A while ago, on the topic of whether various interactions constitute transactions, @decentralion said:
This is an astute point, and I’d like to refine it a bit. Let’s move up a level. A definition is useful if you can reason about generic instances of the term and apply that reasoning to specific instances. An instance of the definition is useful if the high-level reasoning transfers faithfully and provides insight.
For instance, the above definition of compiler is useful because we can make the general statement that “compilers compose”: if you have a correct compiler from A to B and a correct compiler from B to C, then you also have a correct compiler from A to C, and you know exactly what it does. The classifications of, say, obfuscators and optimizers as compilers are both useful because we now know what happens if you take a program, run it through an optimizer, and then run that through an obfuscator: you have a semantically equivalent program that likely runs faster and is harder to read, because compilers compose.
Personally, I derive great value from this broad definition of compiler. When I want to write a compiler, I know how to structure its internals, how to test its correctness, what it even means for it to be correct, how it should interface with outside systems. In fact, I find this conceptual framing so useful that whenever I’m working, I’m generally running a low-priority background thread called “find the compiler”, in which I try to identify how the problem that I’m trying to solve can be expressed in this framework, after which it becomes basically a “known problem” whose solution I just have to implement.
So: Is SourceCred an incentive compiler? That depends. What language is it compiling from, and what’s it compiling to? What semantics is it preserving, and what non-semantic transformations is it making, if any? And how does this help us reason about what it is or should be?
Some references for further reading:
- Rich Programmer Food (Steve Yegge, 2007); although I don’t with everything in this post, it has some valuable insights
- A recent Stack Overflow post (Jörg W Mittag, 2017) that summed up some of my thoughts quite well
- The Galois connection between syntax and semantics (Peter Smith, 2010), an introductory formal treatment of some related concepts (h/t Chas Leichner for the reference)
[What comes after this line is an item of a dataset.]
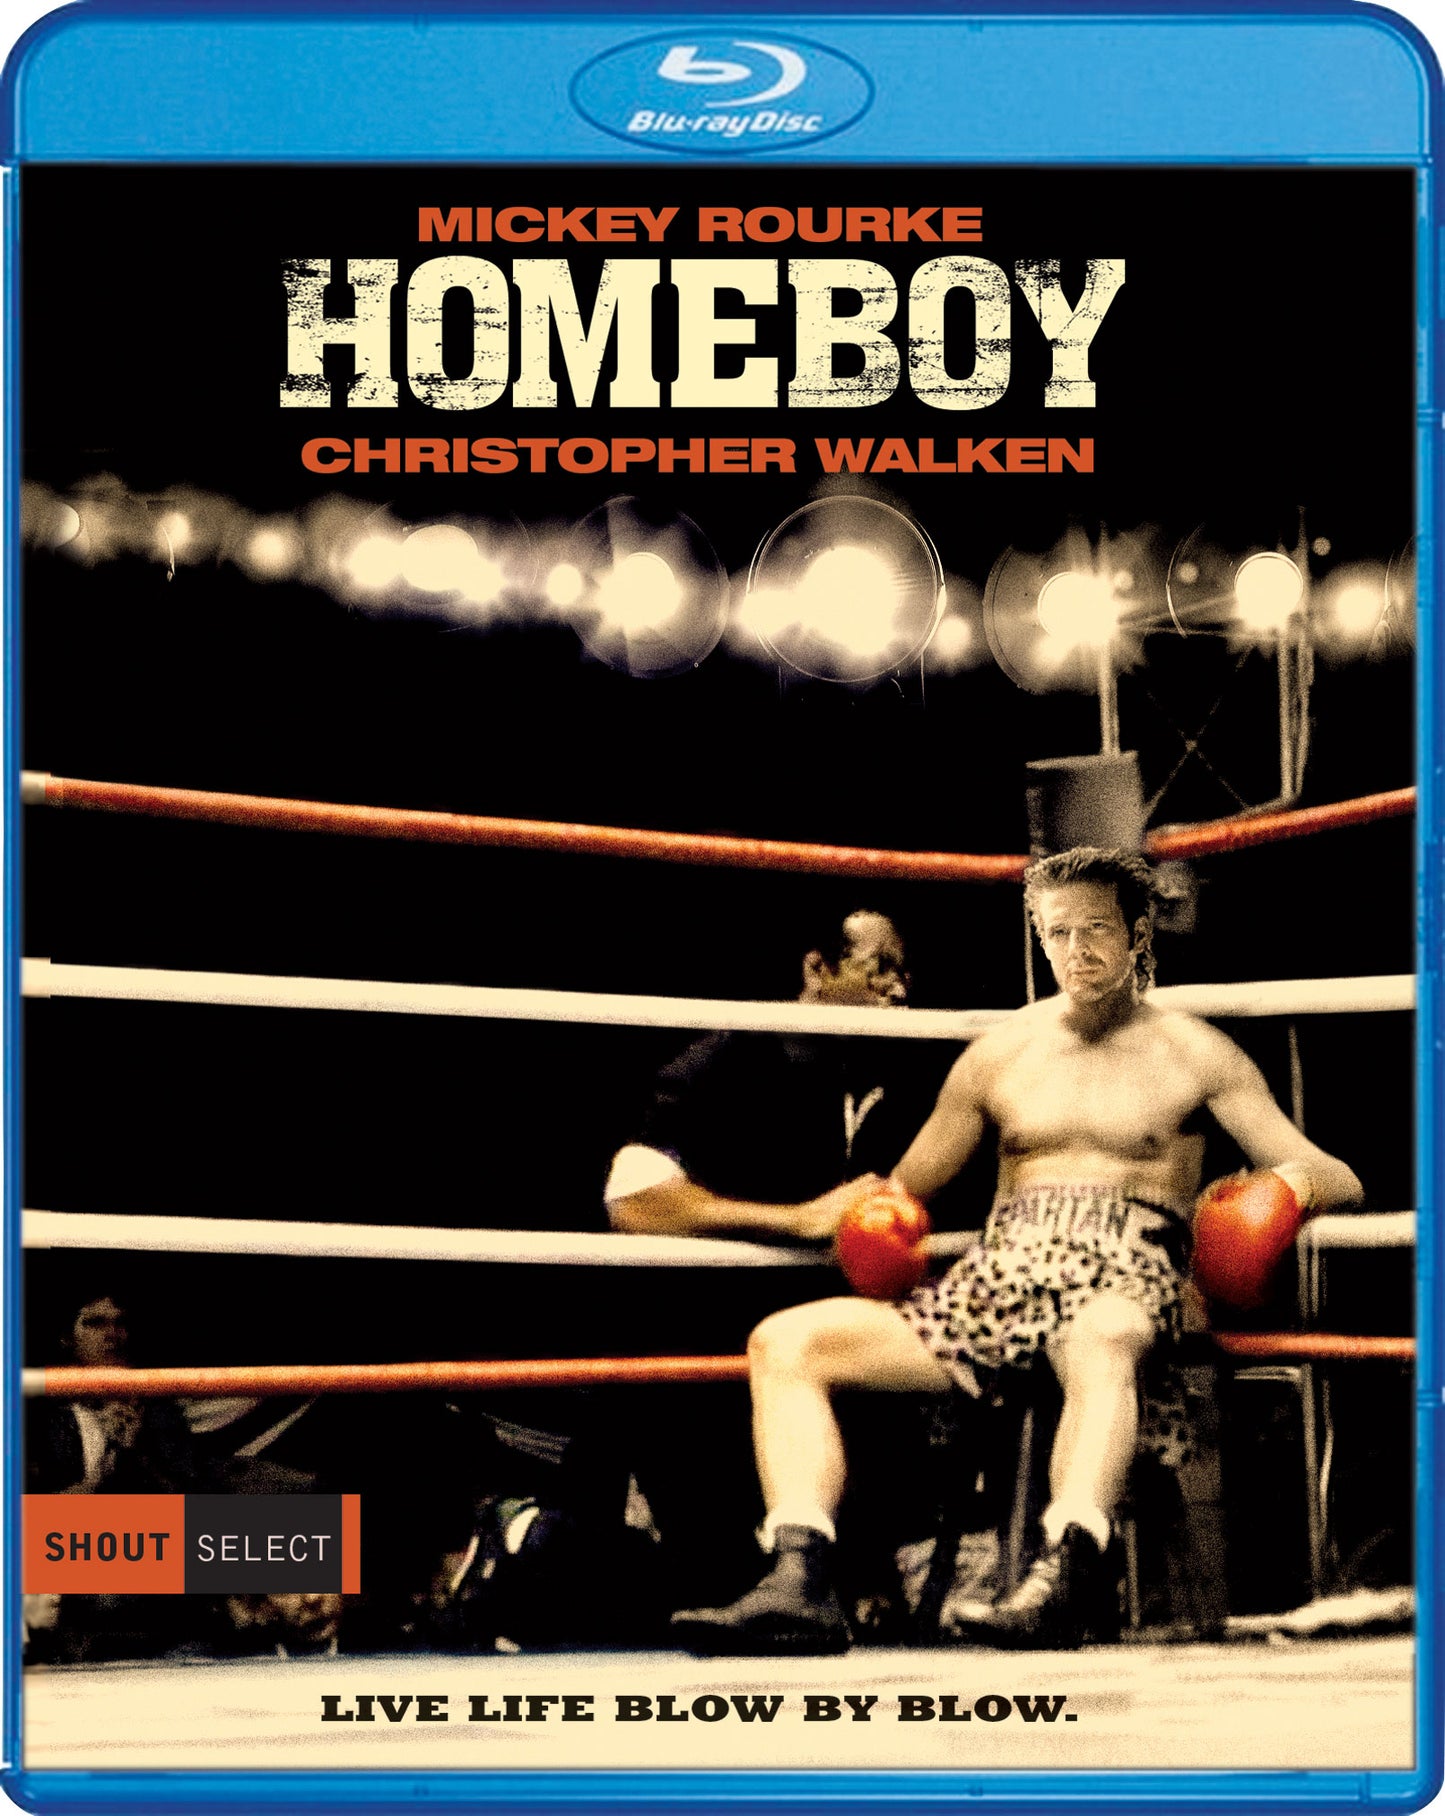 Homeboy [Blu-ray] cover art

(Exercise for the interested reader: In the context of programming, what are “compiled languages” and “interpreted languages”?)
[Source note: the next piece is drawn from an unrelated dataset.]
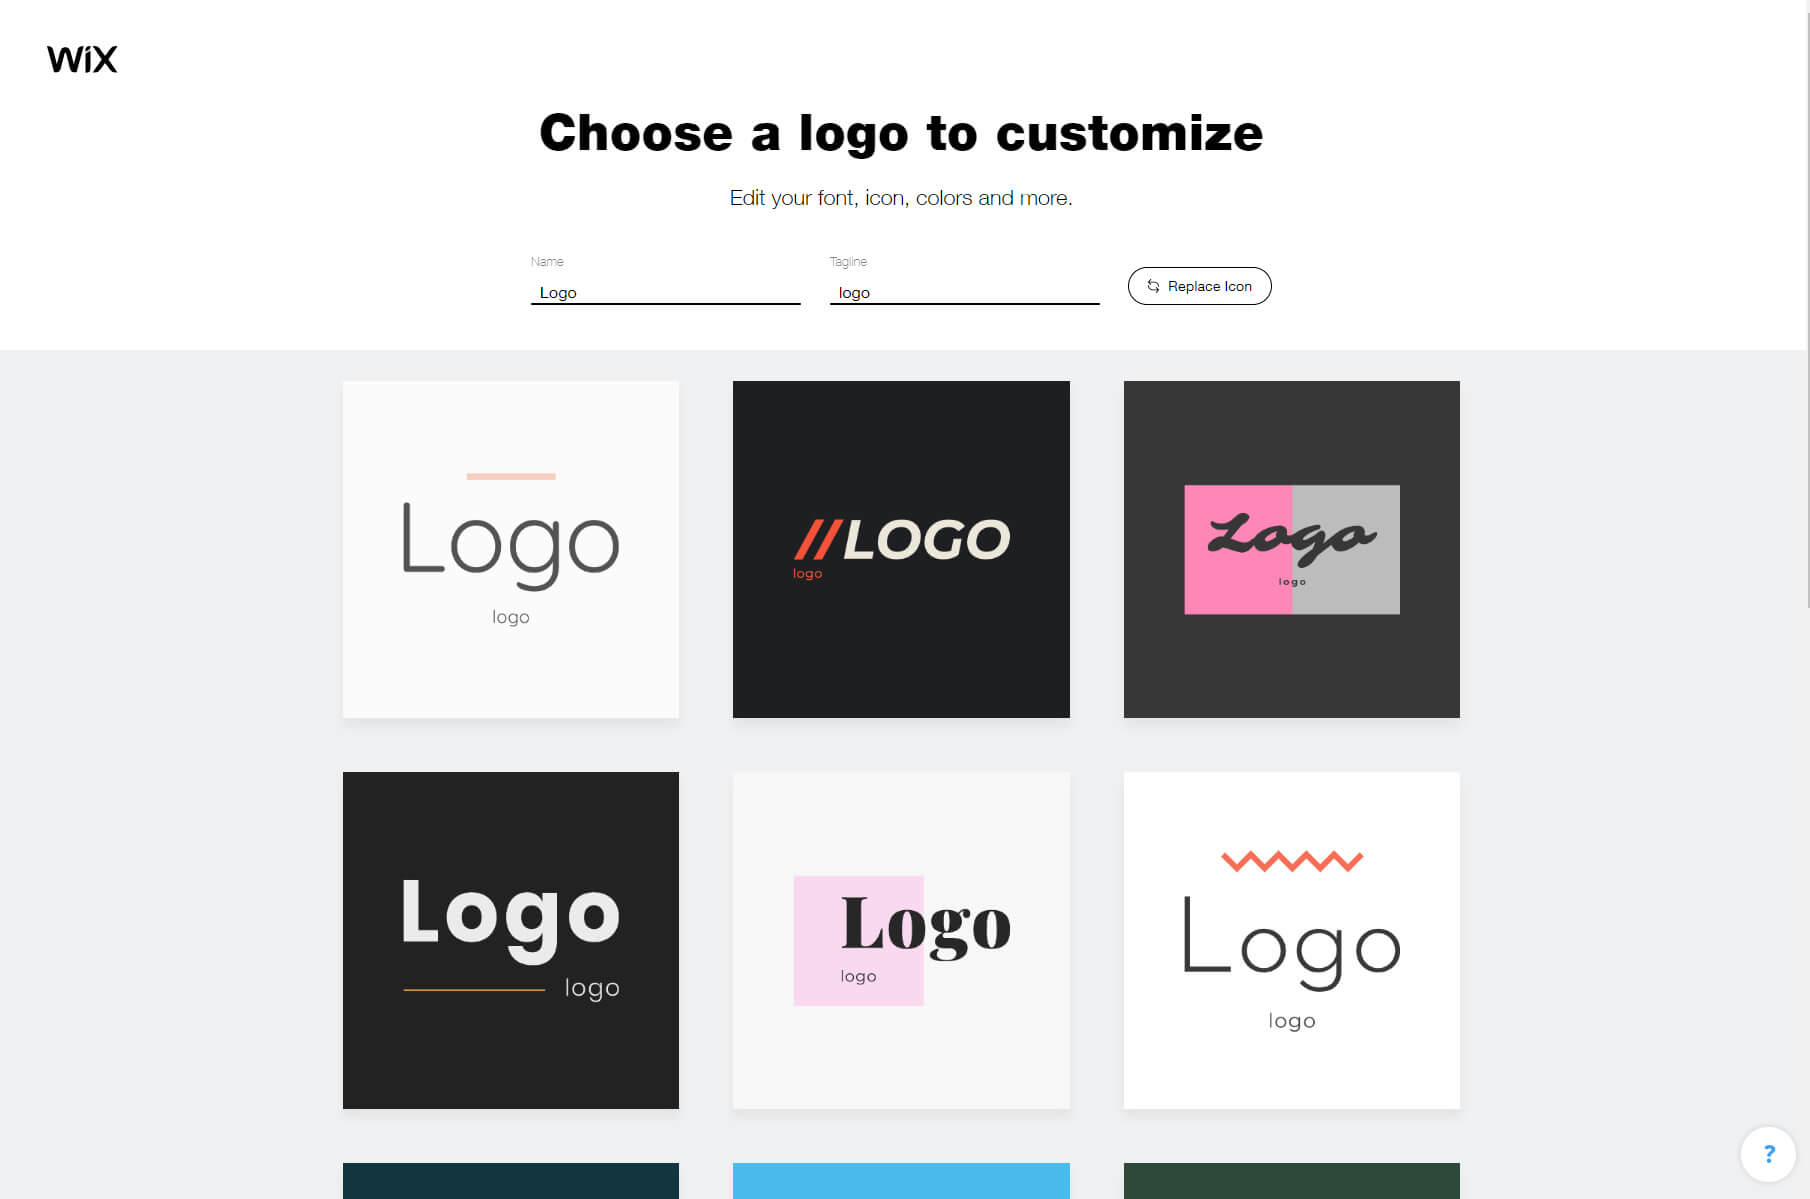 Choose a logo to customize

I love taking metaphors until they break
I was definitely thinking of it in the most common definition of the word, which is as an assembler. I.e. taking a high-level desired behavior and ‘compiling’ that into more granular, lower-level incentives that aim to generate, in aggregate, the desired low-level behavior. For the core algo, which actually generates scores that are usually meaningful enough to be actionable (though typically only within a single repo/Discourse instance, as activity is different in nature across repos), it’s a bit fuzzy. Because the semantics are fuzzy. We’re looking at what’s been valued in the past and saying, “More of that please…”. It remains to be seen if we’ll actually get more of that in the wild, but let’s say for the sake of argument that it works well enough. This seems more like AI almost, which learns a model by being fed “successful” data. It “compiles” code much the same way it can generate target images using other images.
I suppose one can also say that new Issues, PRs, etc. are a more specific set of semantics guiding behavior. In this case the language is English (or other spoken language). But also, in my experience in OSS, the language of doing. It is concrete actions, guided by Issues, etc., or self created but still valuable contributinos, that generates s, PR reviews, and other actions that confer meaningful cred, driving the incentives.
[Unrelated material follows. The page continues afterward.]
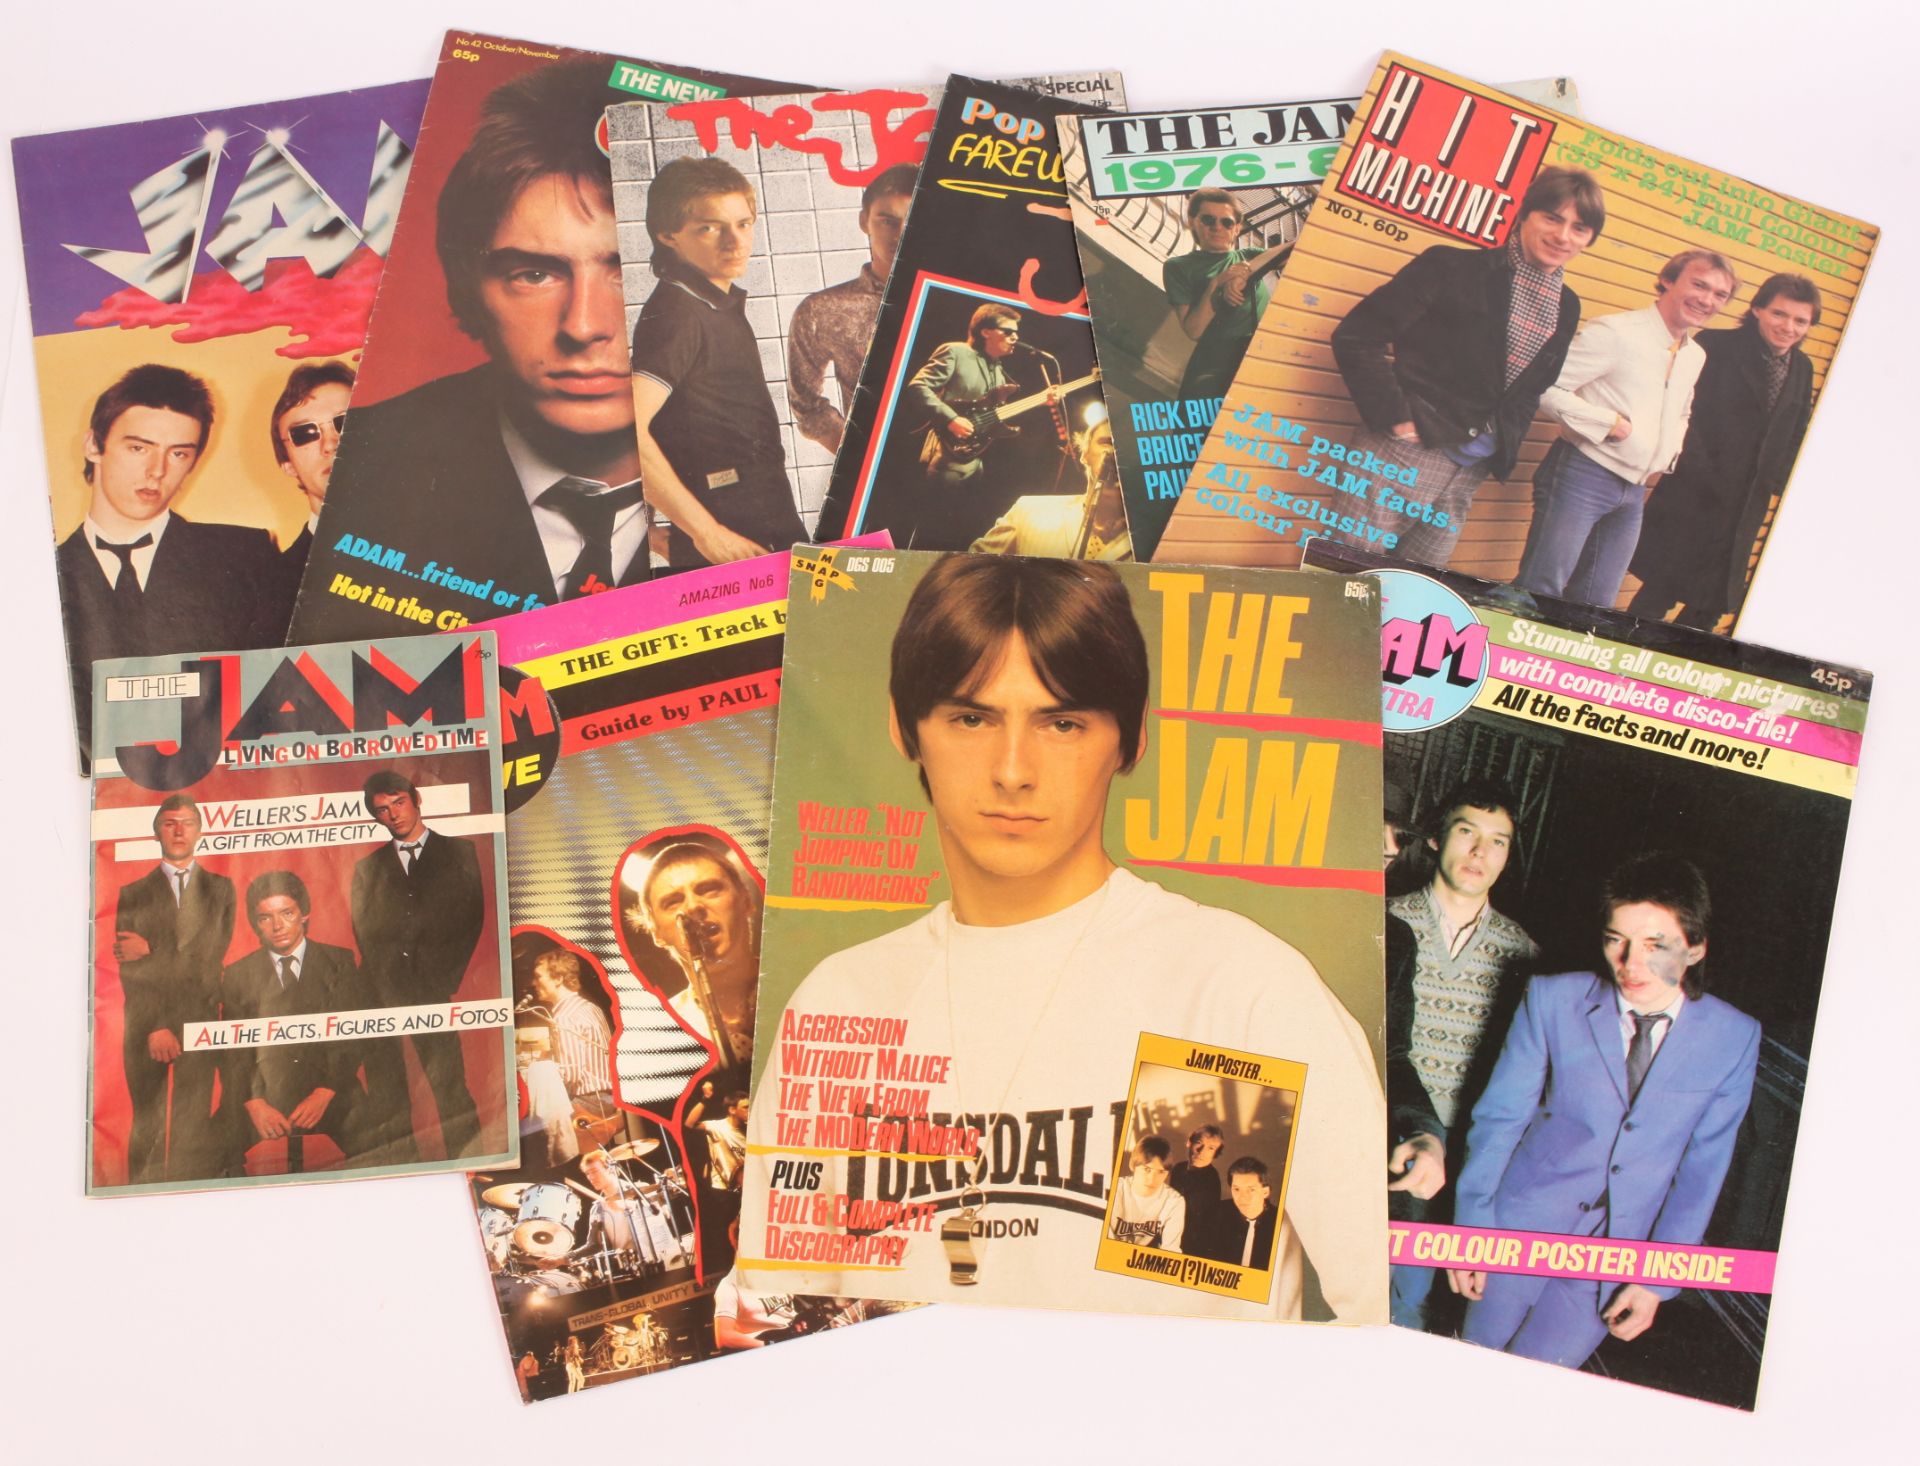 The Jam - Scrapbooks of Magazine Cuttings and Music Magazine Publications - Image 2 of 5

When Initiatives come online, they will act more like high-level programming languages. Giving more specific semantics (desired behaviors).
These seem kinda the same, as both compile high-level languages to low-level languages. One just does it ahead of time in a more optimal manner, and the other does it on the fly. Maybe Initiatives are more like compiled languages, and the base SC algorithm is like a run-time compiler, the other “developers” entering “commands” in the form of Issues, comments, likes, etc.